(Extracted records)
━━━
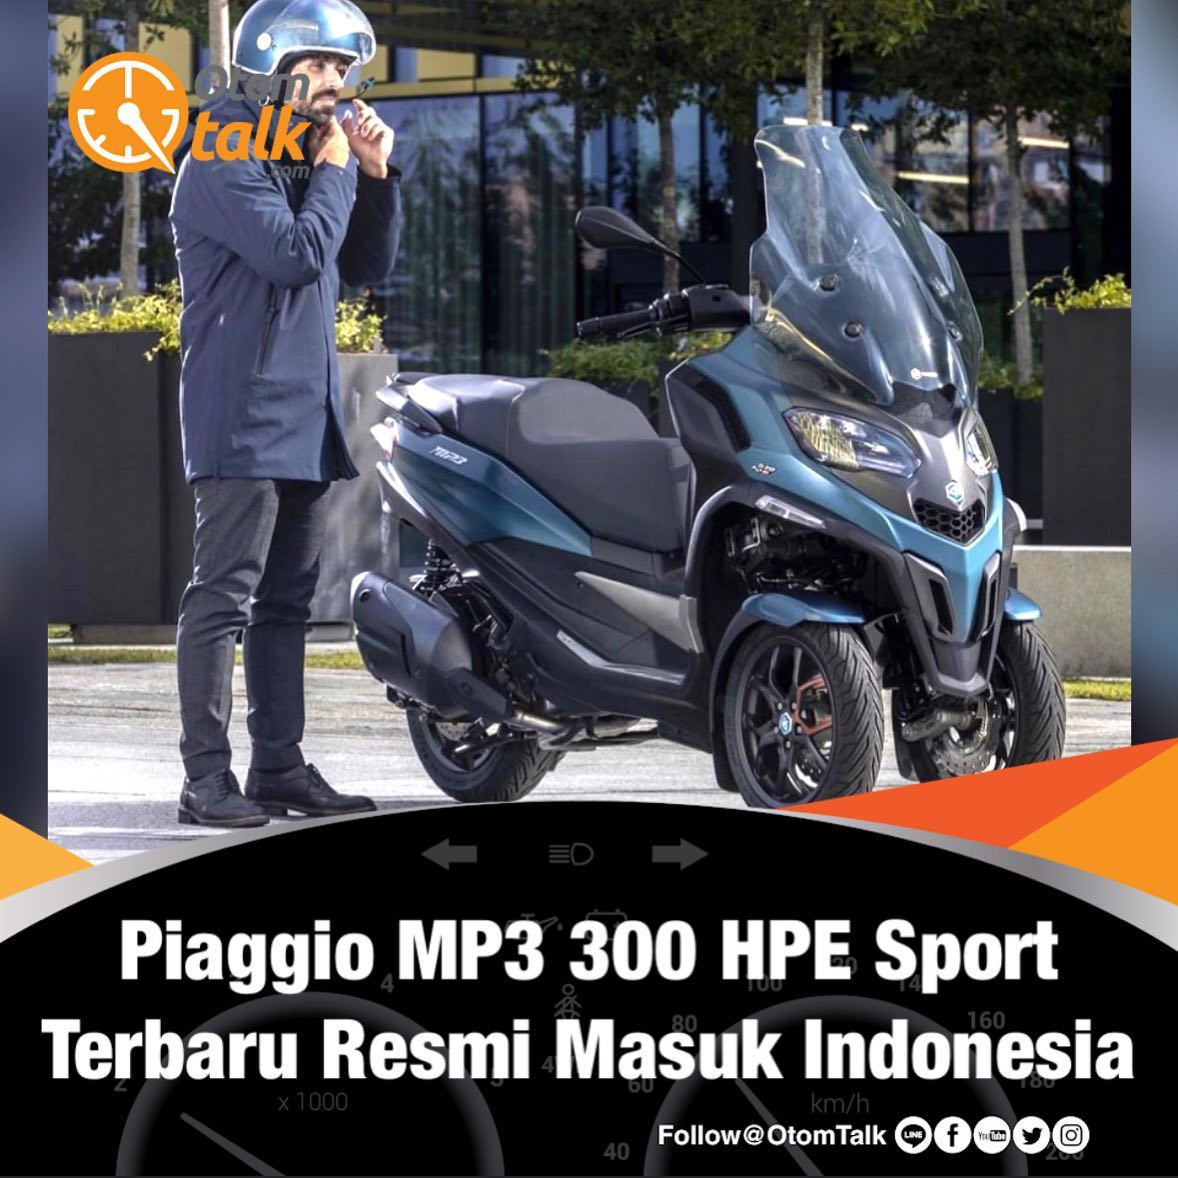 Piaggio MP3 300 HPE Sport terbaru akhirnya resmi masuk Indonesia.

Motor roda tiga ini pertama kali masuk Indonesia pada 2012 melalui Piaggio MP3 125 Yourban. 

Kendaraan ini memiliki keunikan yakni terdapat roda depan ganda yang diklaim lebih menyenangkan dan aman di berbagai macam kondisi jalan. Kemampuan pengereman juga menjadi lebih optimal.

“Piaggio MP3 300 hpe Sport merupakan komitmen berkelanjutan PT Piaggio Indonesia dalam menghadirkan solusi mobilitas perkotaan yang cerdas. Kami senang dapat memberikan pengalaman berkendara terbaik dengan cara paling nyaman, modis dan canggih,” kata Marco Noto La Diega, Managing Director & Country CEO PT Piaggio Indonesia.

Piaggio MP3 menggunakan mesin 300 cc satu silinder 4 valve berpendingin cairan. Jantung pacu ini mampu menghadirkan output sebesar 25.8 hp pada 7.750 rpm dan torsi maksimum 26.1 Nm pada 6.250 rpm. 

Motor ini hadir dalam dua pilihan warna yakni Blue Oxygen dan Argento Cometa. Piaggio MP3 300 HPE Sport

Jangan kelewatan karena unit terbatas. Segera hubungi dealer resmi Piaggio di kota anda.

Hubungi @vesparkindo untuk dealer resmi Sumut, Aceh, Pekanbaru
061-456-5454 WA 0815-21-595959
━━━
HOW TO COMPLETE THIS TASK: Copy whichever lines of the records above contain the word "menghadirkan".

ANSWER SECTION:
“Piaggio MP3 300 hpe Sport merupakan komitmen berkelanjutan PT Piaggio Indonesia dalam menghadirkan solusi mobilitas perkotaan yang cerdas. Kami senang dapat memberikan pengalaman berkendara terbaik dengan cara paling nyaman, modis dan canggih,” kata Marco Noto La Diega, Managing Director & Country CEO PT Piaggio Indonesia.
Piaggio MP3 menggunakan mesin 300 cc satu silinder 4 valve berpendingin cairan. Jantung pacu ini mampu menghadirkan output sebesar 25.8 hp pada 7.750 rpm dan torsi maksimum 26.1 Nm pada 6.250 rpm. 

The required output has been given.